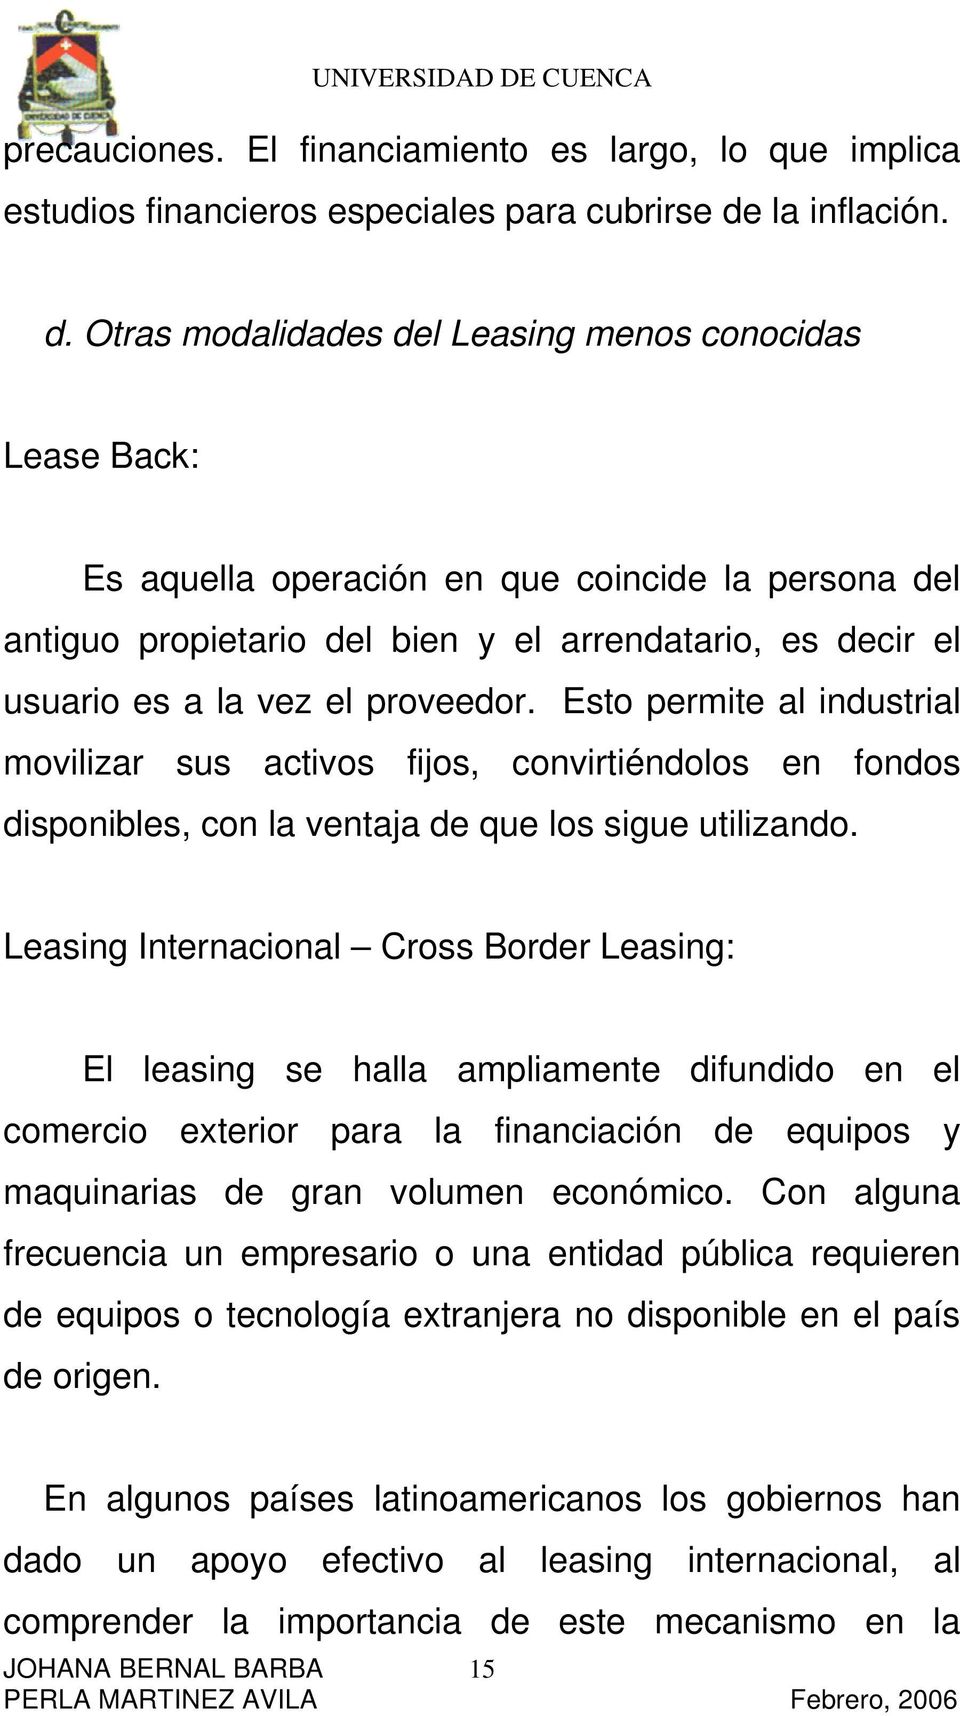 Otras modalidades del Leasing menos conocidas Lease Back: Es aquella operación en que coincide la persona del antiguo propietario del bien y el arrendatario, es decir el usuario es a la vez el
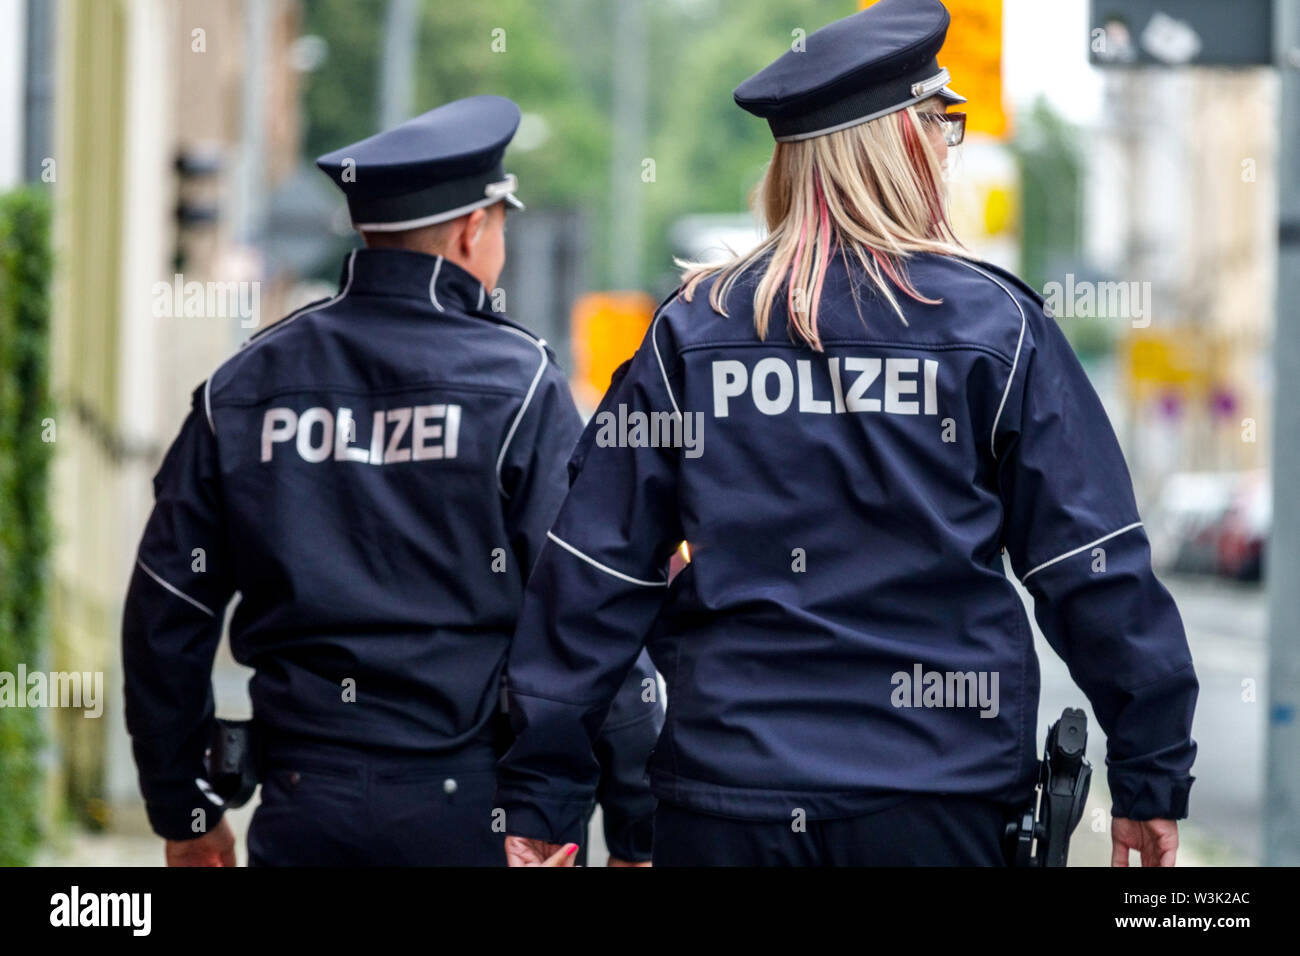 Allemagne policier femme deux patrouille de police Allemagne policier policier arrière vue de police allemande Banque D'Images
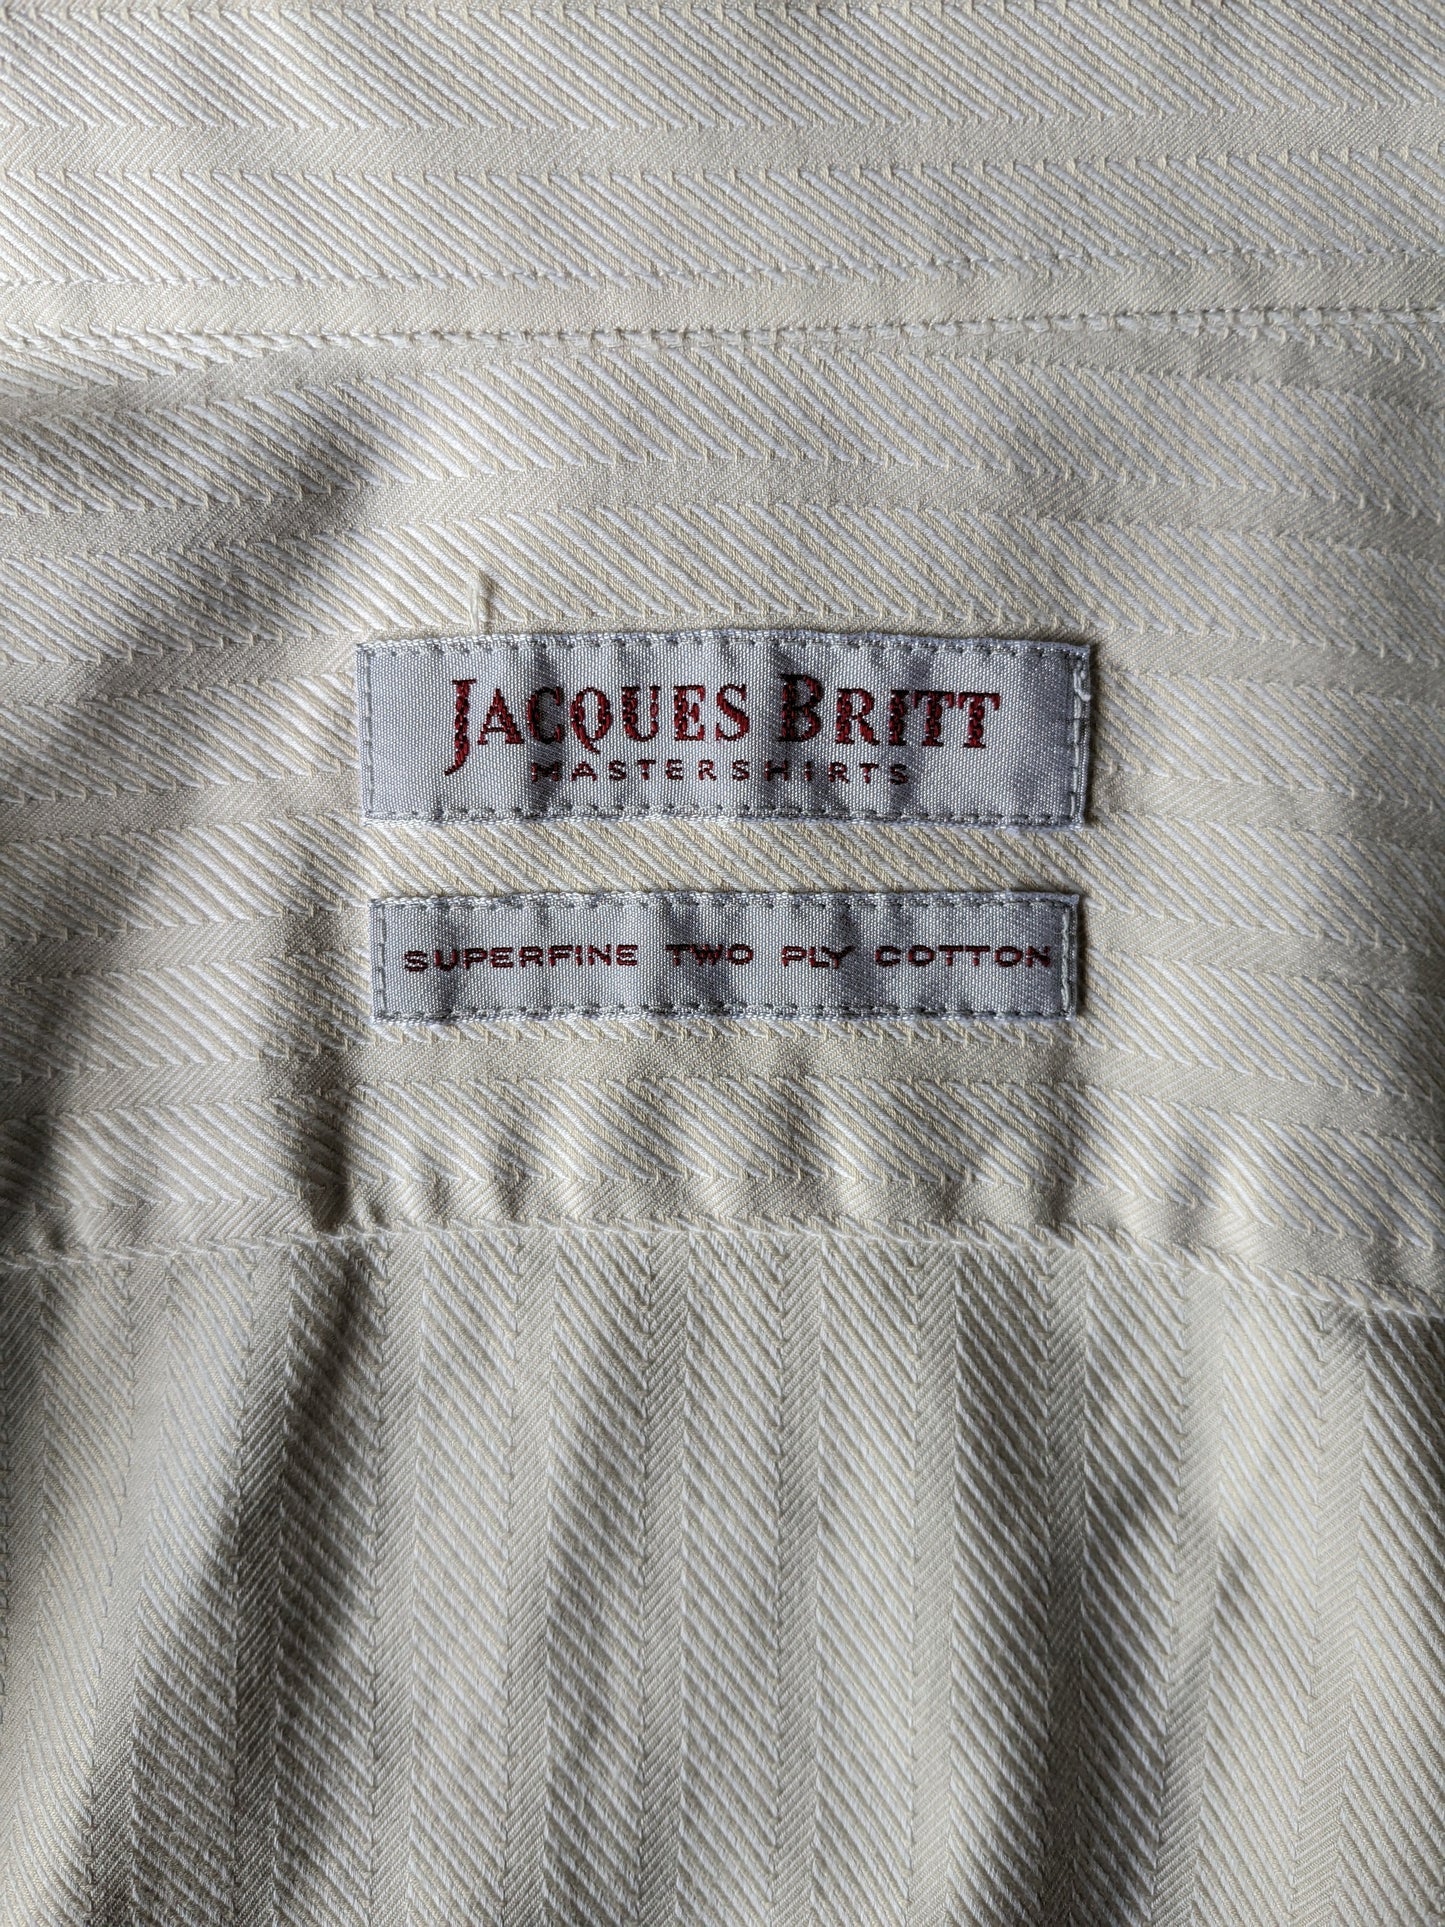 Vintage Jacques Britt overhemd. Beige gestreept motief. Maat XL.

-=-=-

> Prompt: Produce a word-for-word version of the material, with no pictures included.

> Exercise solution:
 Otras modalidades del Leasing menos conocidas Lease Back: Es aquella operación en que coincide la persona del antiguo propietario del bien y el arrendatario, es decir el usuario es a la vez el
 Allemagne policier femme deux patrouille de police Allemagne policier policier arrière vue de police allemande Banque D'Images
 Vintage Jacques Britt overhemd. Beige gestreept motief. Maat XL.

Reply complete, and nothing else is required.